Однажды Антонина забрела в церковь. Обычно старалась выбирать время, когда никого нет – на службах её охватывала комсомольская робость: не знала, куда встать, не как сложить руки, как ставить свечи. Но в тот день она всё перепутала и пришла к проповеди, из которой (если правильно поняла) уяснила, что никаких калёных сковородок в аду нет, он – ледяная пустыня, полная безысходности.

«Мама, – сказала Оля, – надо лечиться». Антонина Филатовна дрожащей рукой отодвинула чашку. «Так невозможно, ты только посмотри, как у тебя рука пляшет». Рука и правда плясала. Или, скорее, отсчитывала невидимые деньги – за всю жизнь столько не заработала.

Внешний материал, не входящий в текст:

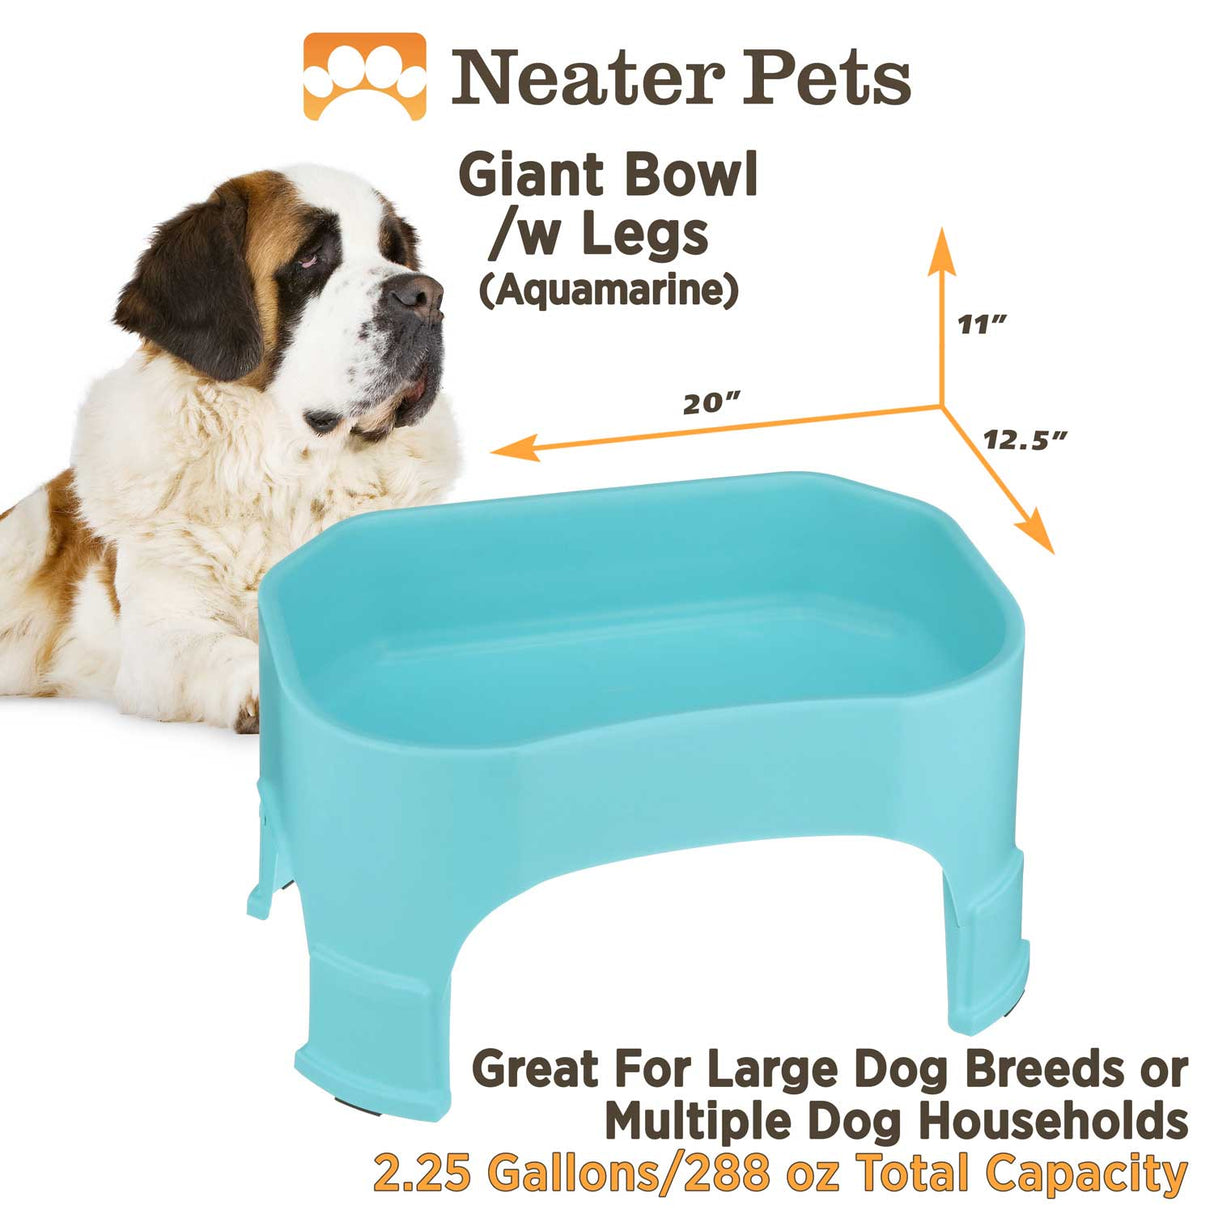 Giant Bowl in Aqua with leg extensions dimensions

«Как дела у Вадика?» Дочь погрозила пальцем, мол, зря тему переводишь, но начала вдохновенно рассказывать про сына.

У Оли было красивое сильное лицо, совсем не похожее на Антонинино. Она уродилась папиной дочкой. Когда Антонина укутала её в одеялко и, с трудом втиснувшись в проходящий поезд, привезла к родственникам, те развели руками – не наша порода.

Взгляд раскосых глаз вернулся к руке, и Антонина поспешила задать новый вопрос: «А как на личном фронте?»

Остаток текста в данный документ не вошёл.